Macrovic Junior is a macrolide antibiotic available as a powder for oral solution, primarily prescribed for children and adolescents to treat a range of bacterial infections. As a macrolide, it works by inhibiting bacterial protein synthesis, effectively stopping bacterial growth and allowing the body's immune system to clear the infection. This formulation is specifically designed for pediatric patients, offering a liquid dosage form that is easier for young children to swallow compared to tablets or capsules.
Quick Facts
Key Takeaways
- Macrovic Junior is a macrolide antibiotic powder for oral solution designed primarily for pediatric use in treating bacterial infections of the respiratory tract, skin, and soft tissues.

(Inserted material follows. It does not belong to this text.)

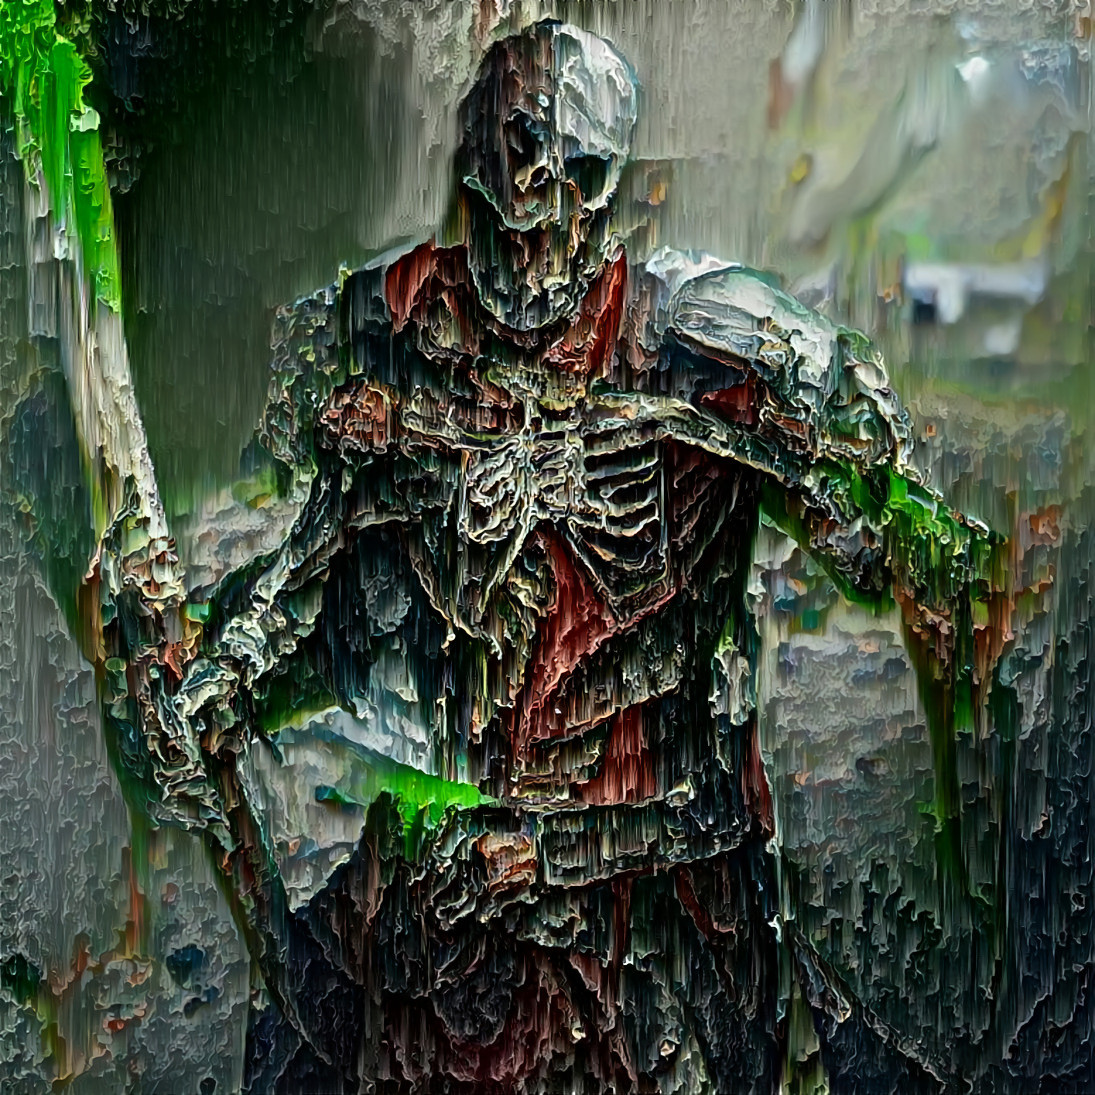 VQGAN-generated skeletal warrior

- The powder must be reconstituted with water before use, and the reconstituted solution should be measured using the provided dosing device for accurate dosing.
- Common side effects include gastrointestinal symptoms such as diarrhea, nausea, abdominal pain, and vomiting, which are generally mild and self-limiting.
- Important drug interactions exist with warfarin, digoxin, ergotamine, cyclosporine, and theophylline — always inform your doctor about all current medications.
- It is essential to complete the full prescribed course of treatment, even if symptoms improve early, to prevent antibiotic resistance and ensure complete eradication of the infection.
What Is Macrovic Junior and What Is It Used For?
Macrovic Junior belongs to the macrolide class of antibiotics, one of the most widely prescribed antibiotic groups globally. Macrolide antibiotics have been a cornerstone of pediatric infectious disease treatment for decades due to their broad spectrum of activity against common bacterial pathogens, favorable safety profile in children, and availability in liquid formulations that facilitate administration to young patients who cannot swallow tablets.
The mechanism of action of Macrovic Junior involves binding to the 50S ribosomal subunit of susceptible bacteria. This binding interferes with the translocation step of bacterial protein synthesis, effectively preventing the bacteria from producing the proteins necessary for growth, reproduction, and survival. At standard therapeutic concentrations, macrolides are generally bacteriostatic (they inhibit bacterial growth), although at higher concentrations they may exert bactericidal effects (directly killing bacteria) against certain organisms.
Macrovic Junior is indicated for the treatment of infections caused by susceptible microorganisms in a variety of clinical settings. Upper respiratory tract infections, including pharyngitis (sore throat), tonsillitis, sinusitis, and acute otitis media (middle ear infection), are among the most common indications. Lower respiratory tract infections such as acute bronchitis, acute exacerbations of chronic bronchitis, and community-acquired pneumonia of mild to moderate severity are also treated with macrolide antibiotics when the causative organisms are susceptible.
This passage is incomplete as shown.